● **Stored data**:
╭──

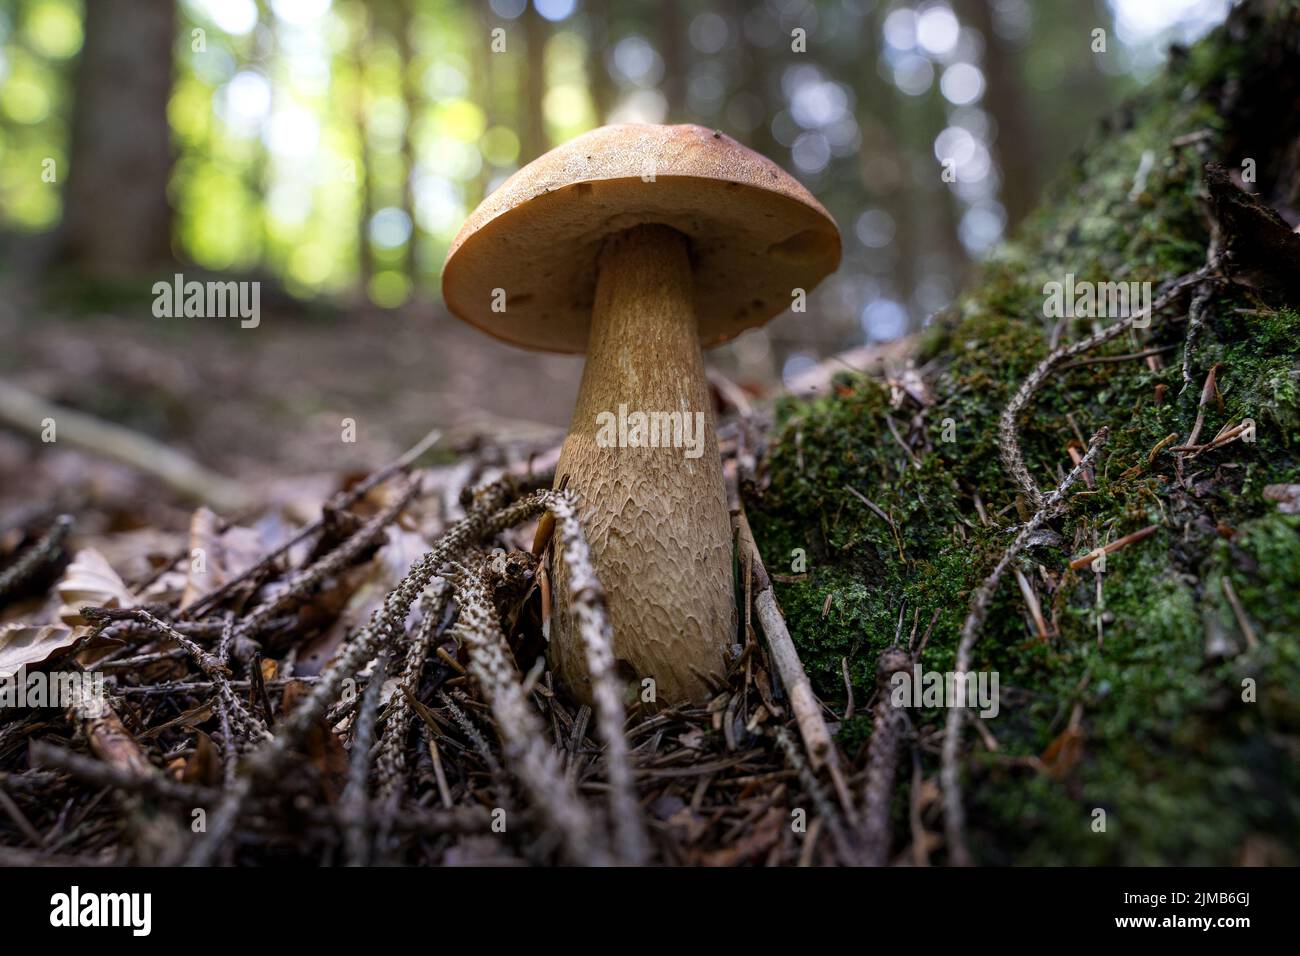 A closeup of Tylopilus felleus mushroom growing in forest surrounded by moss and dry twigs Stock Photo
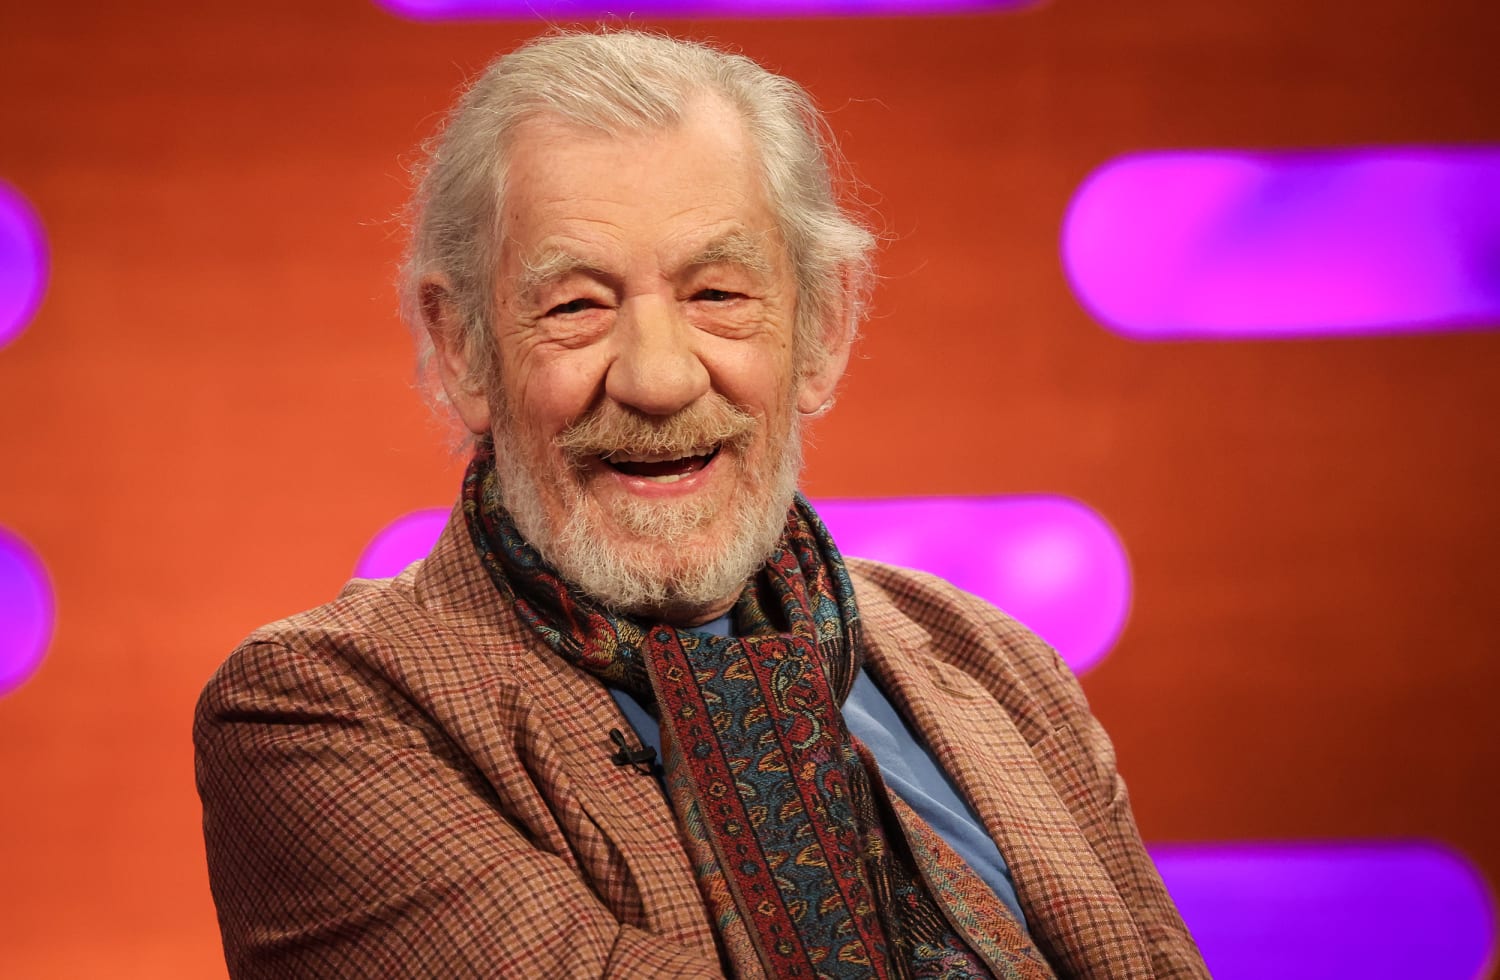 Ian McKellen was taken to hospital after collapsing while performing in London
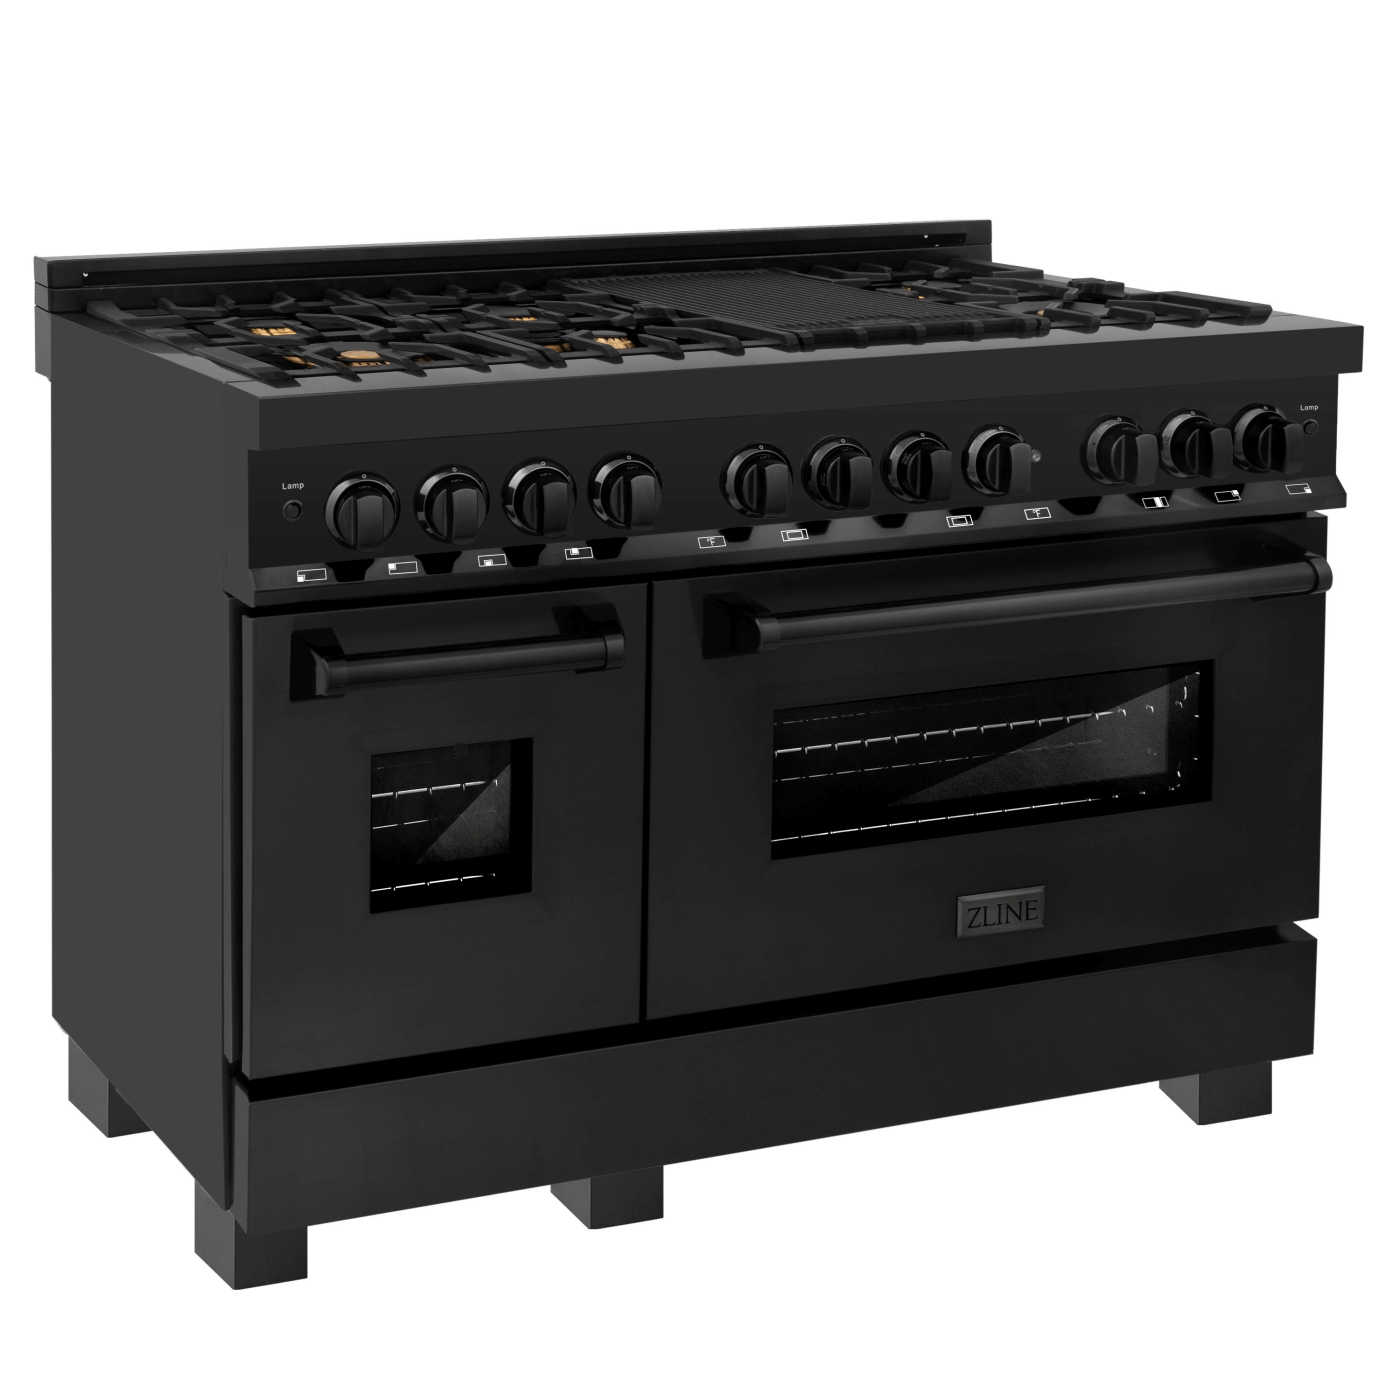 ZLINE 48 in. 6.0 cu. ft. Dual Fuel Range with Gas Stove and Electric Oven in Black Stainless Steel with Brass Burners (RAB-BR-48) - white background
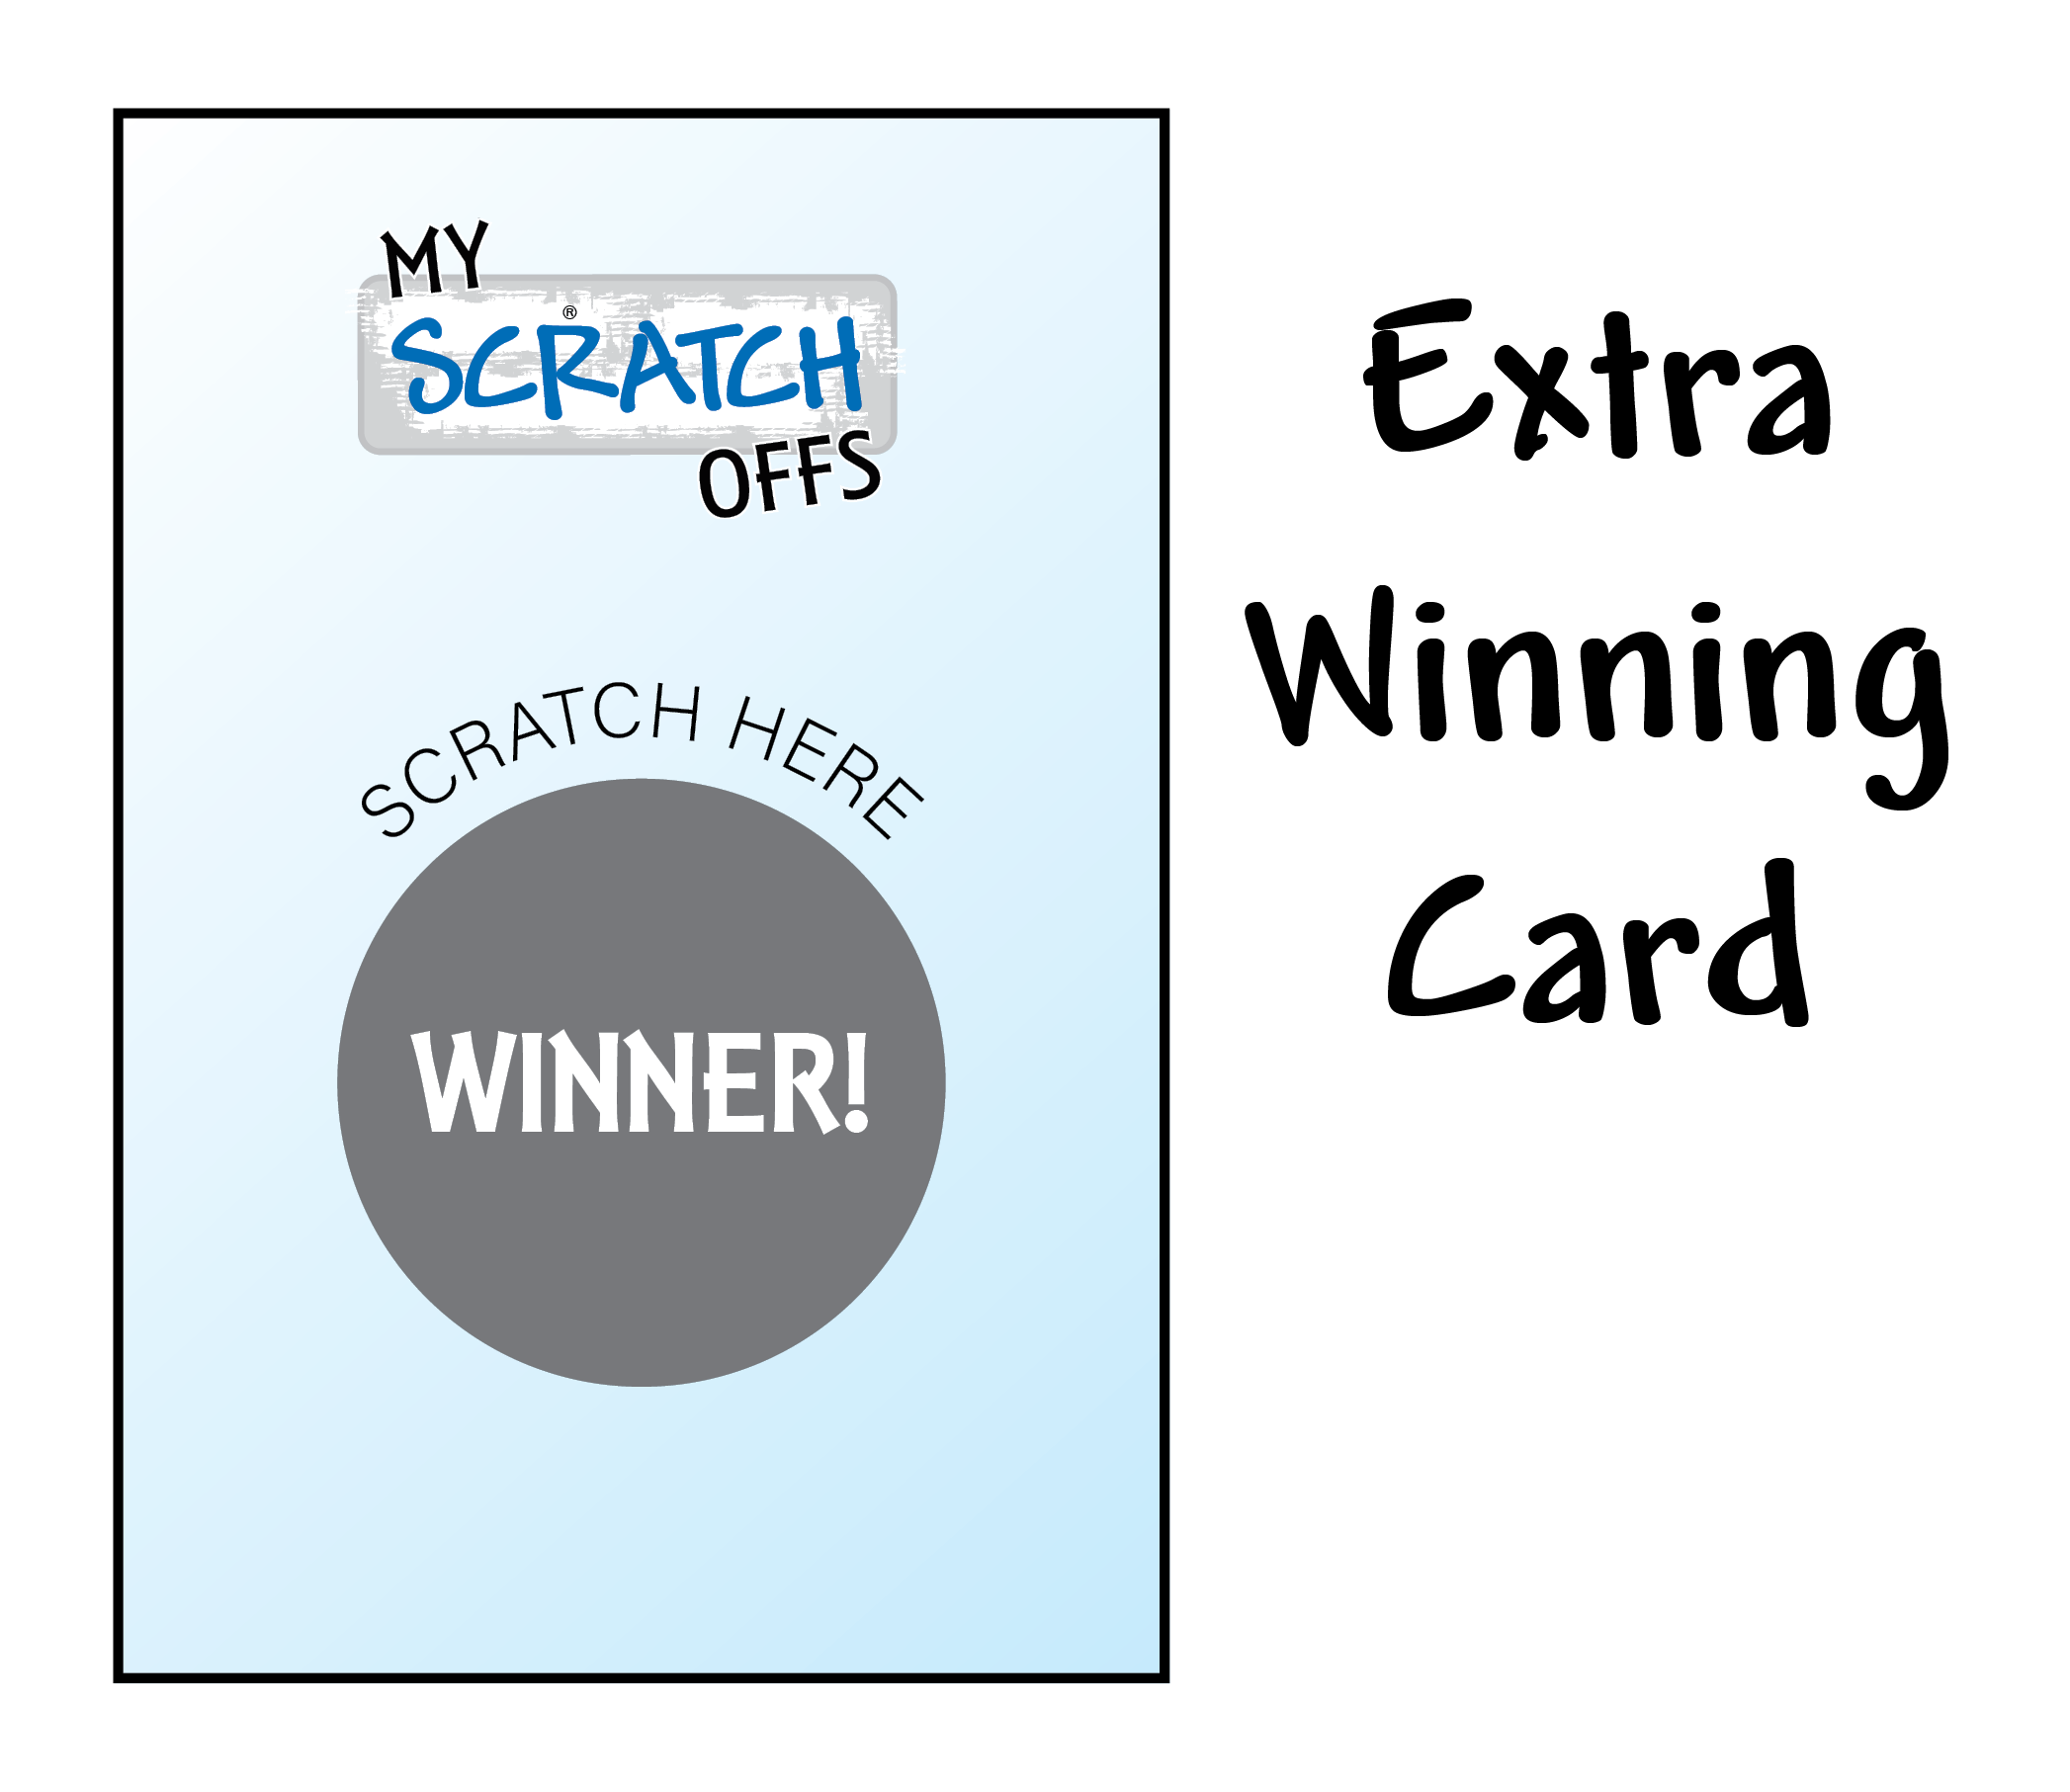 Extra Winning Card - 4th of July and Summer - My Scratch Offs

╰──

● **Assignment**: Please reproduce all the material exactly. Pictures stay out of the copy.

● **Answer below**:
 A closeup of Tylopilus felleus mushroom growing in forest surrounded by moss and dry twigs Stock Photo
 Ian McKellen was taken to hospital after collapsing while performing in London
 ZLINE 48 in. 6.0 cu. ft. Dual Fuel Range with Gas Stove and Electric Oven in Black Stainless Steel with Brass Burners (RAB-BR-48) - white background
 Extra Winning Card - 4th of July and Summer - My Scratch Offs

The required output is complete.